Lewis Hamilton and Charles Leclerc will start third and fourth in Monaco after Ferrari’s Friday speed failed to survive qualifying at the circuit where track position matters more than almost anywhere else. Hamilton said the car’s confidence had gone by Q1, and Leclerc spent the session fighting braking and balance problems that kept the team from turning practice pace into pole position.
Ferrari had looked like the biggest threat to Mercedes world championship leader Kimi Antonelli after dominating Friday practice in Monaco, which is why the team entered Saturday with real hope of taking control of the front row. Instead, the search for Hamilton on keyword searches around Monaco now points to a simple result: the seven-time world champion and Leclerc were left chasing from third and fourth on the grid after a session that exposed how quickly the car’s behaviour changed from one day to the next.
Hamilton said he could not explain why the Ferrari shifted so much from Friday to Saturday. He trimmed the wing angle sharply at the start of qualifying to settle the rear, and said the car was “completely gone in Q1” before he tried to recover what he could. By the end of Q3, he felt the Ferrari had become “a little bit more reasonable,” enough for him to call himself “relatively happy with P3,” even if he said he really wanted pole and believed the team deserved it.
Leclerc’s session had a different shape but the same result. He has been battling braking problems all weekend and said the issue had led to major complaints over the radio in every session. He aborted his first Q3 run after running wide at Massenet, briefly went quickest on his next lap, then tagged the wall with the rear at Tabac on his final attempt after a bit of oversteer mid-corner. Leclerc said that lap was “very much on the edge,” and that the car felt like a discovery every time he got on the brakes because it was “extremely inconsistent” and he had been “struggling massively.”

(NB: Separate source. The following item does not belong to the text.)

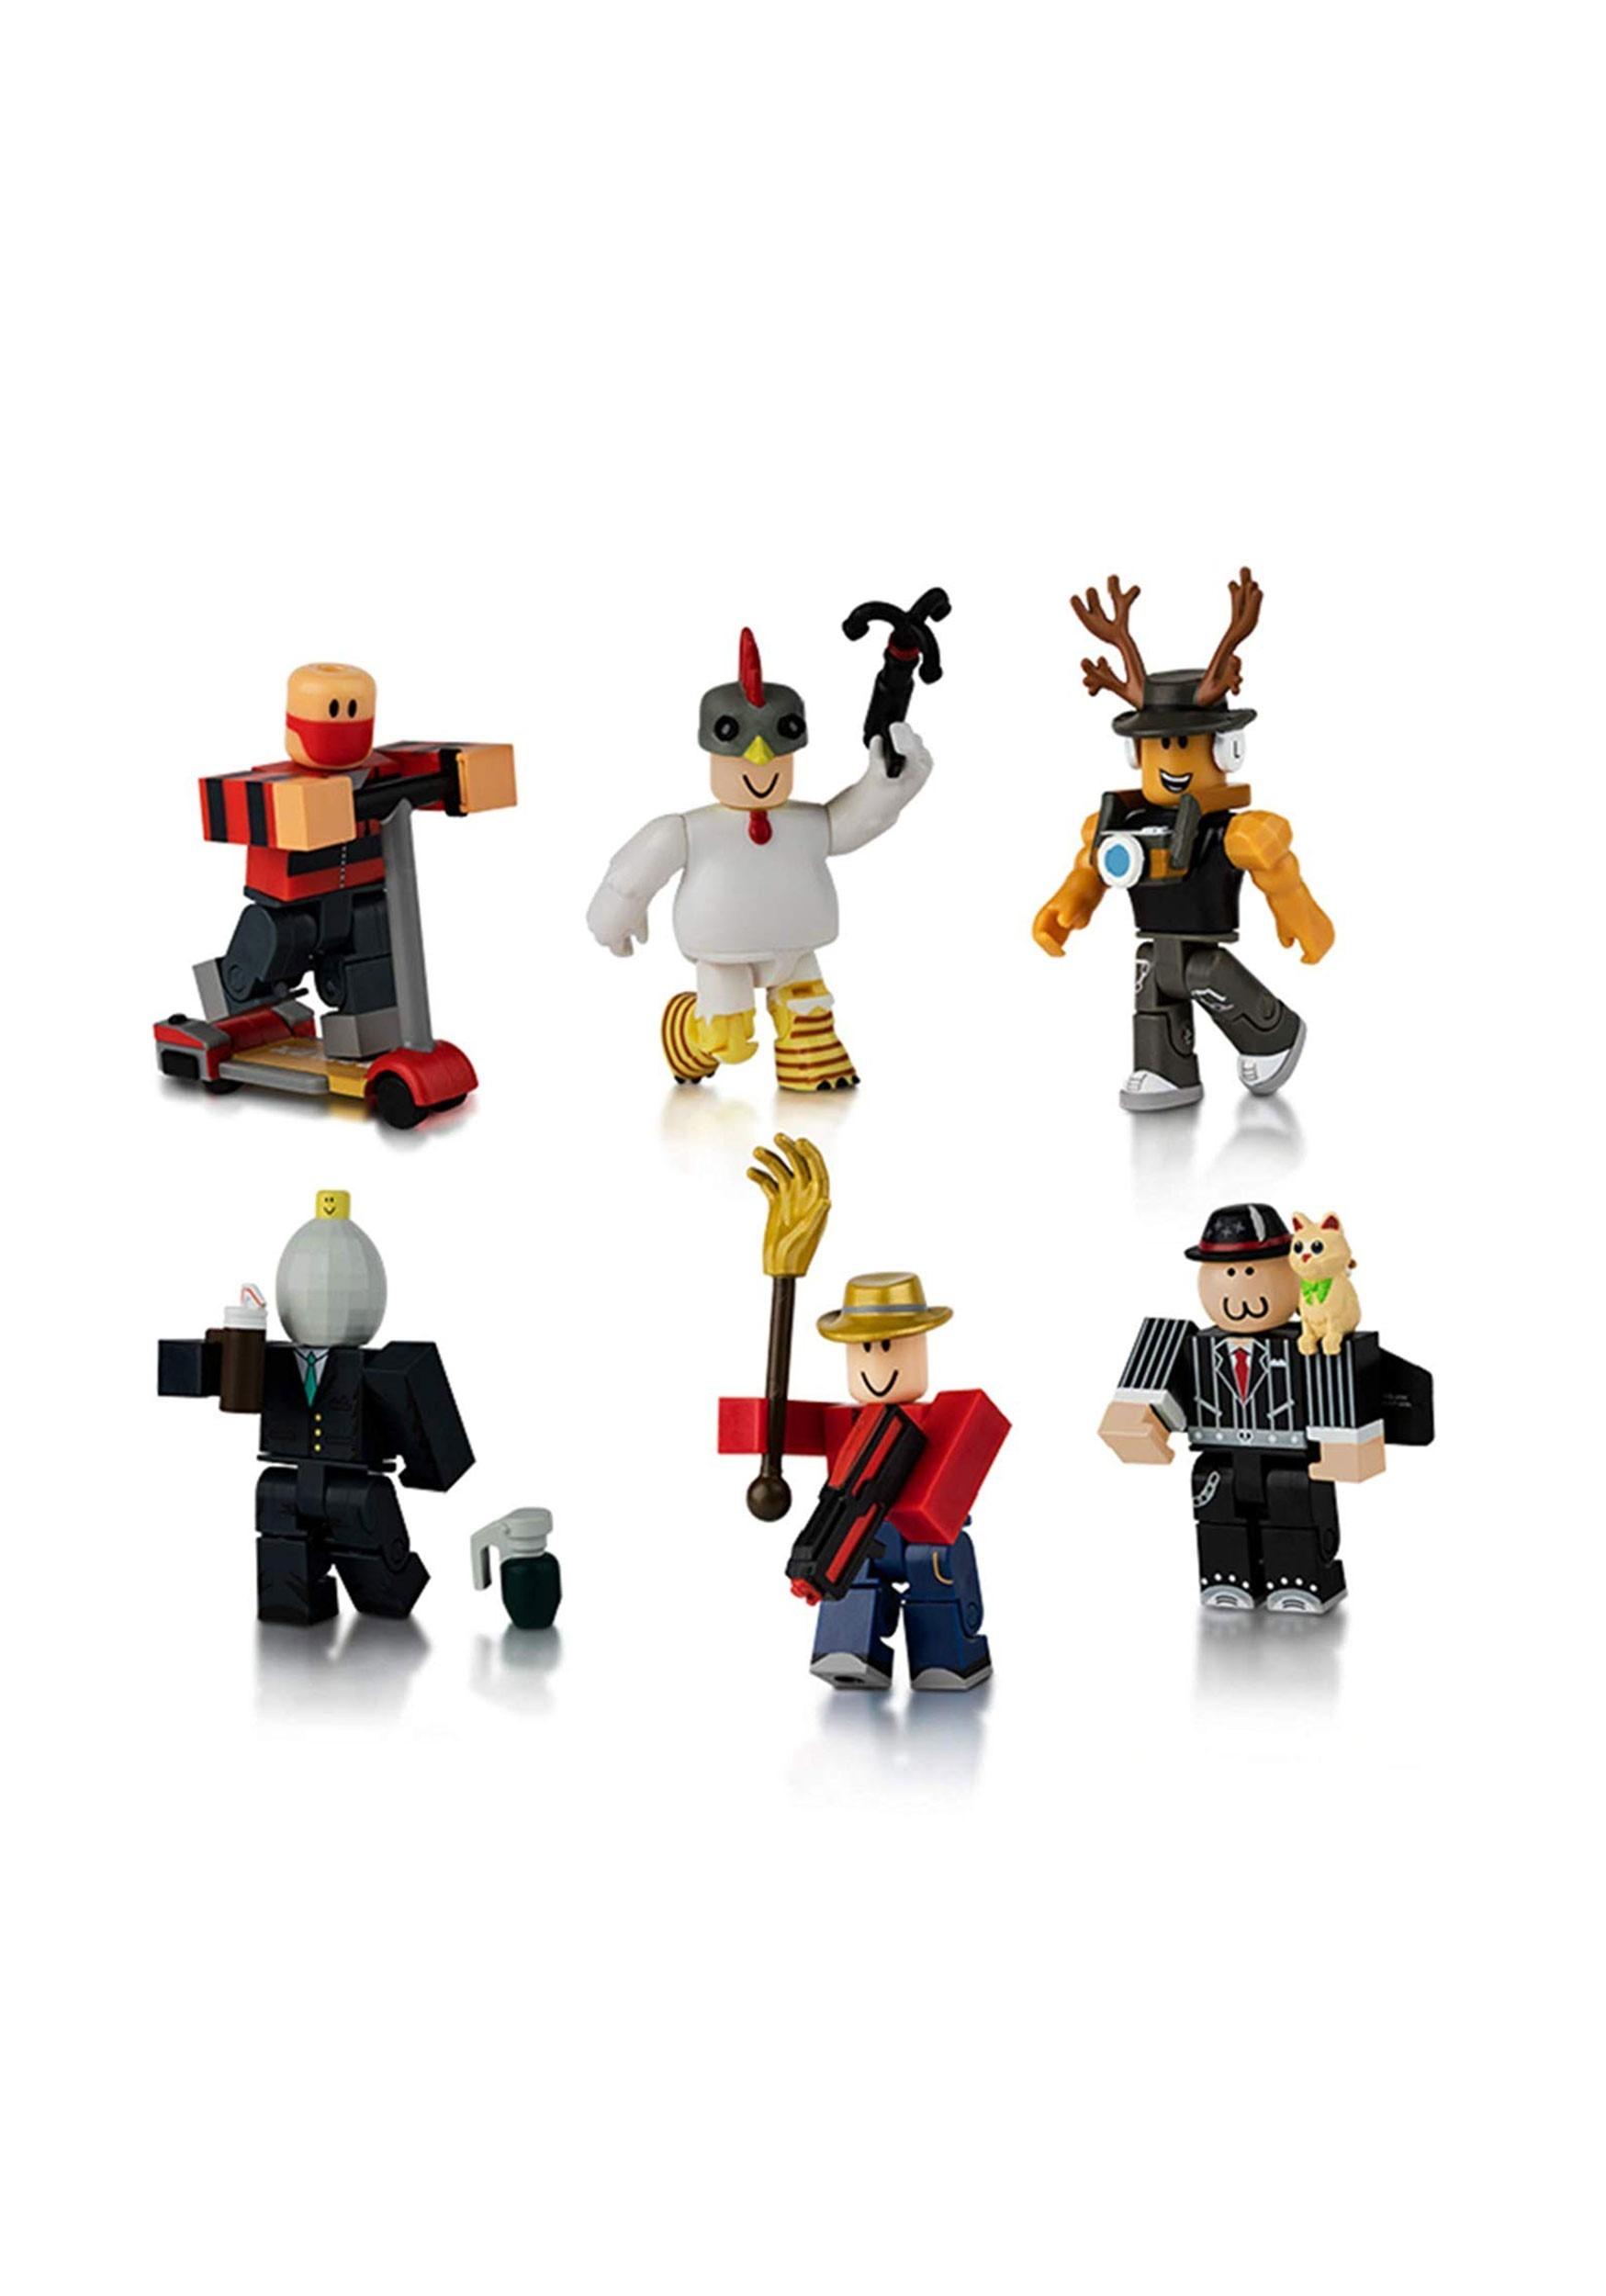 Toy Animation Roblox : animation, roblox, Roblox, Masters

The contrast is the sharpest warning for Ferrari going into Sunday. A team that looked ready to challenge for the front in practice could not hold that level when the session mattered, and both drivers described the same basic problem in different words: a car that did not behave the same way corner to corner. Hamilton said he still has decent pace in him and feels in a really good place with the team and the car, but the grid tells the bigger story. Ferrari has work to do before the race if it wants more than a fighting chance from third and fourth in a Monaco Grand Prix that rarely forgives a poor qualifying lap.